The authors evaluate a range of language models on a benchmark designed to assess robustness in tool-use scenarios involving perturbations and varying task complexity. Results show that models exhibit significant performance degradation under perturbed conditions compared to non-perturbed settings, with recovery capabilities and replanning efficiency being particularly affected. The evaluation reveals that model scale improves task completion more rapidly than fault-tolerance, and explicit prompting provides only partial improvement in handling implicit semantic failures. Models show substantial performance drops under perturbation compared to non-perturbed settings, indicating that robustness is not a natural by-product of general task proficiency. Recovery performance declines and recovery cost increases as perturbations become more implicit and persistent, suggesting a fundamental challenge in detecting semantic errors. Fault-tolerance improves much more slowly with model size than task completion, highlighting dynamic replanning as a distinct capability not addressed by scaling alone.

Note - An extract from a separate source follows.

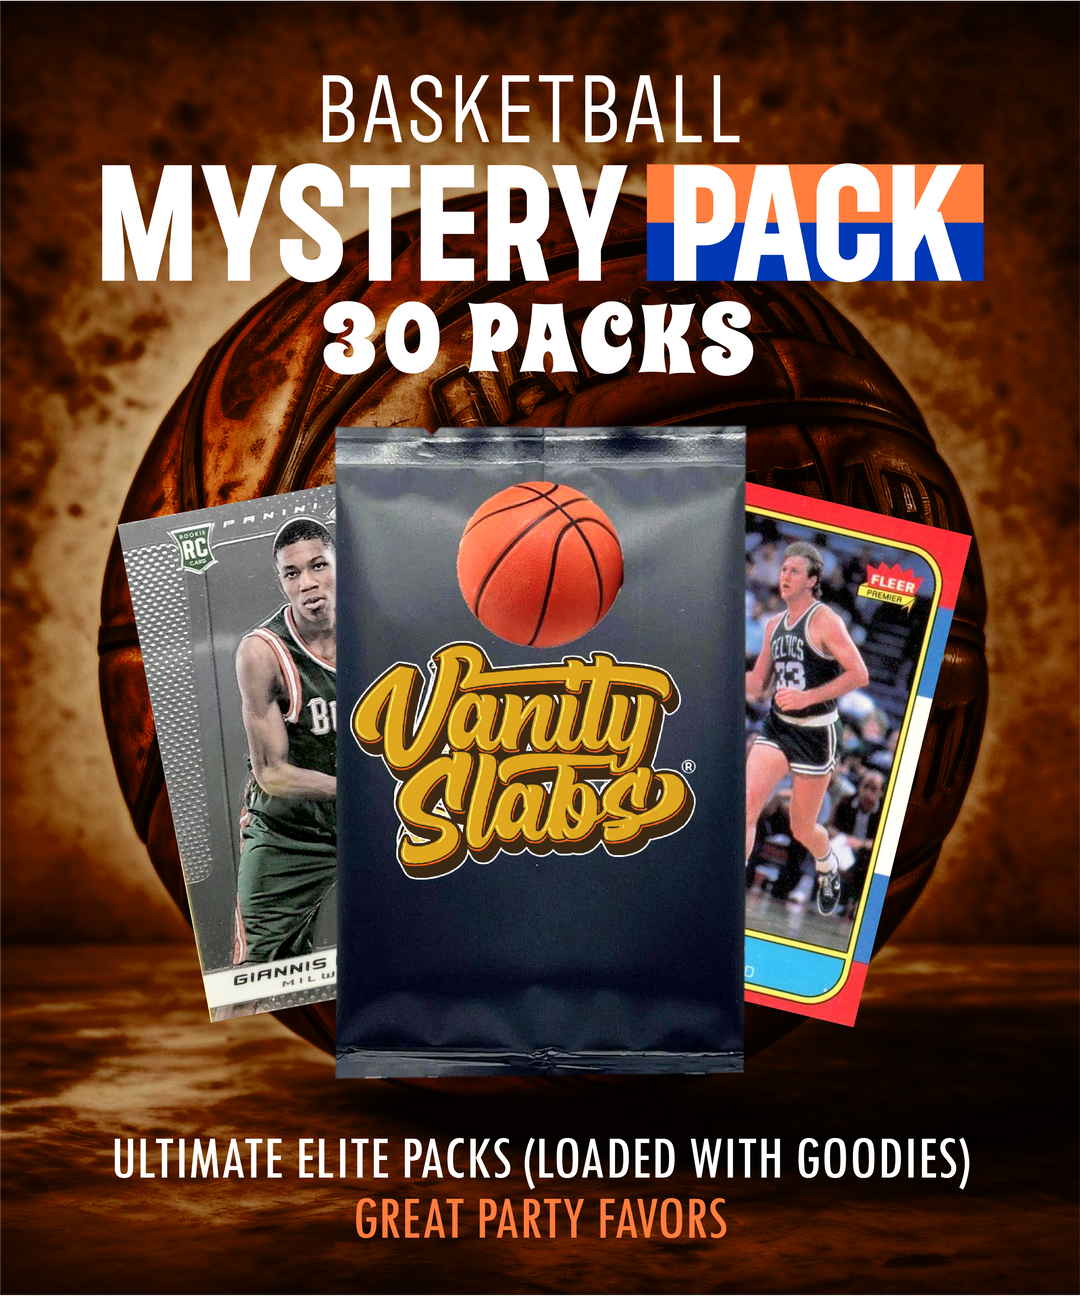 Basketball Mystery 30 Ultimate Elite Packs (Loaded with Goodies) Great Party Favors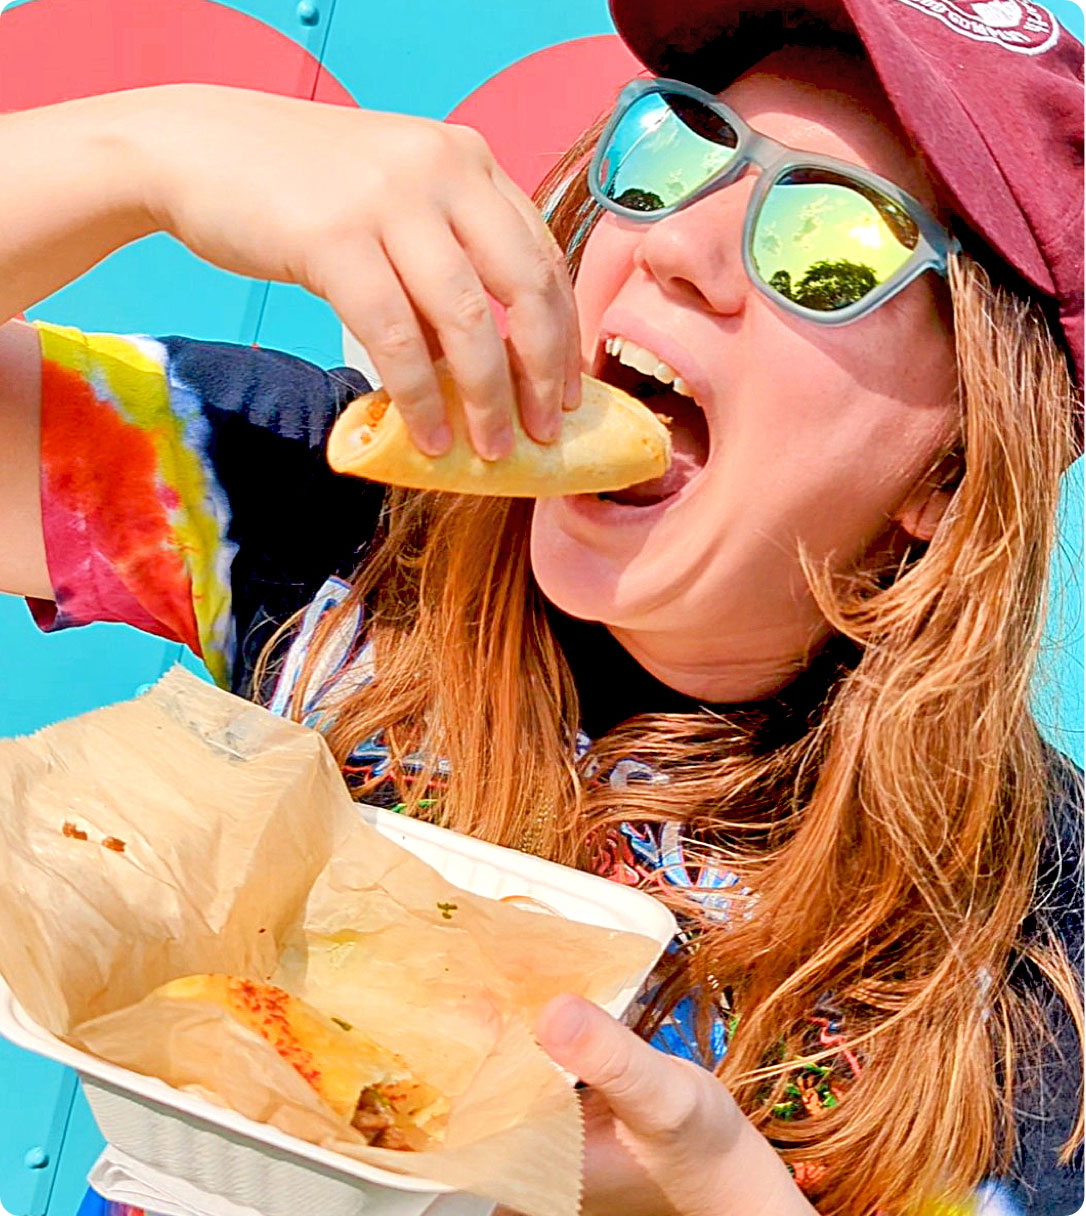 Woman in mirrored visor-style sunglasses eating taco

The authors evaluate a range of large language models on a benchmark designed to test dynamic path discovery and error recovery in tool-integrated reasoning. Results show that performance degrades significantly under perturbation conditions compared to non-perturbed settings, with explicit and implicit failures affecting recovery differently. The failure-aware prompt consistently improves outcomes, but models still struggle with implicit semantic errors and exhibit inefficient replanning, especially in complex scenarios. Performance drops sharply under perturbation modes compared to non-perturbed conditions, indicating that recovery is a distinct challenge from basic task completion. Explicit perturbations are easier to handle than implicit ones, with models showing much lower recovery rates and higher recovery costs for semantic errors. A failure-aware prompt improves recovery, but models still fail to recover effectively from persistent implicit failures, suggesting a fundamental limitation in anomaly detection and replanning.
The experiments evaluate large language models on a benchmark designed to assess dynamic replanning and error recovery during tool-use tasks across varying perturbation modes and increasing complexity levels. Results indicate that model performance degrades substantially under perturbations, with implicit semantic failures posing the greatest challenge for detection and recovery. While failure-aware prompting and increased model scale both enhance basic task execution, they only partially improve fault-tolerance, revealing a persistent gap in handling deceptive errors. Ultimately, the findings demonstrate that robust dynamic replanning remains a distinct capability that cannot be resolved through scaling or standard prompting alone.